千葉手裡捏著一本簇新的門診病歷卡,上面寫著一個半小時前剛剛被杜撰出來的名字。陳鈺瑩緊把著她坐在婦產科手術室外的塑料凳上,衣領翻得很高,遮擋住她大半張臉孔,從側面看,只能隱約看到一頭長卷的假髮,但是濃艷的彩妝掩蓋不住她的蒼白無助。

「米雪!米雪在不在?」護士從手術室門裡探出頭拿著單子喊名字。

千葉一凜,拉著陳鈺瑩的手站了起來,護士戴著口罩,冷漠的眼神微微掃個千葉一眼:「你是米雪?進來準備手術。」

那異樣的眼神讓千葉有些難堪,她乾咽了口唾沫,說:「不是,米雪是我姐姐。」說著,把陳鈺瑩往前推了推。

陳鈺瑩臉色難看,再多的胭脂也遮掩不去她眼底的驚惶,千葉只好趁著護士進門的瞬間小聲地鼓勵她:「別怕,我在外面等你,很快就結束的……」

無痛人流,所說是很快的。

但事實是怎樣的,千葉並不清楚,因為這種難言的尷尬,她也是第一次體會,眼看著陳鈺瑩進了手術室,她坐在門外凳子上無聲的發起呆來,昨天在清晨曾經住過的那間房裡,陳鈺瑩扯著她的衣角,可憐兮兮的哀求她:「幫幫我。」

她沒法去拒絕那樣的眼神,陳鈺瑩才上高一,無論如何她肚子里的孩子不可能留下來。蛋糕店老闆正在盛怒當中,只想著要找出人來算賬,卻忘了即使找到了那個男孩子又能怎樣?最現實也是最殘酷的方法,唯有儘快把胎兒打掉。

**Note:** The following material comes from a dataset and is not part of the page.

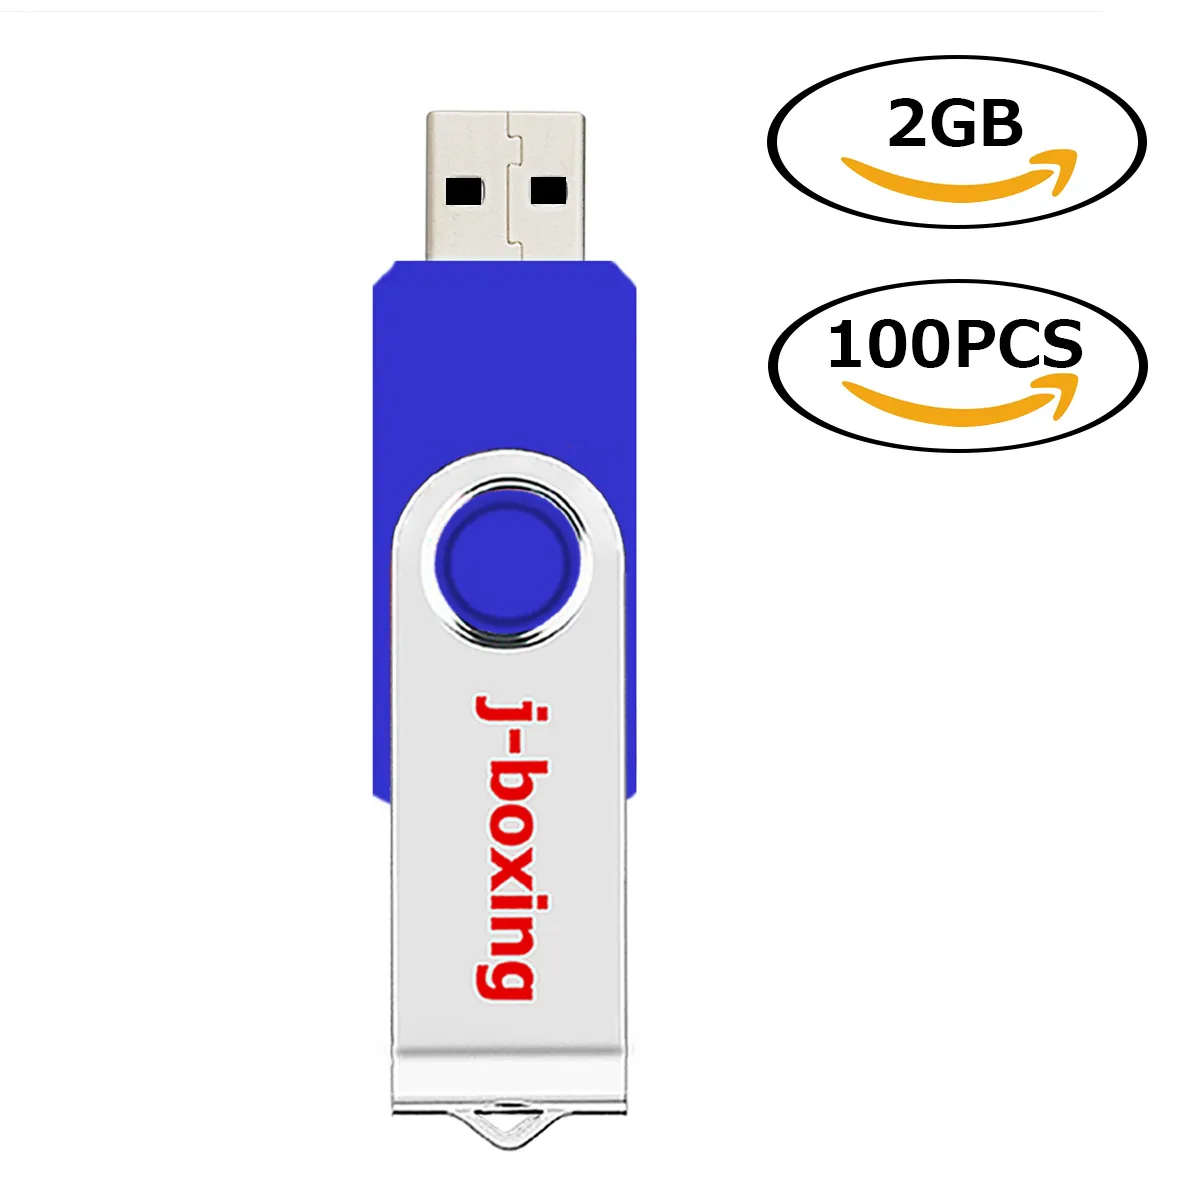 Toptan 100 PCS 2GB USB Flash Tahrikler PC Dizüstü Bilgisayar Tablet Kalem Kalemi Başparmak Depolama 10 Renk Ücretsiz Nakliye

醫院消毒水的氣味混雜在封閉的空間里,瞬間融融的中央空調無法驅散這種無形的鬱悶,千葉再次感覺到了噁心,這樣的情況已經持續好幾天了,剛才也曾藉機問過醫生,醫生建議她換一種避孕藥。

果然還是不適應吃媽富隆,這個副作用對於自己而言確實有點兒大,她把頭靠在身後的牆上,恍惚的想,那該換什麼牌子的葯好呢?回去以後上網再查查吧。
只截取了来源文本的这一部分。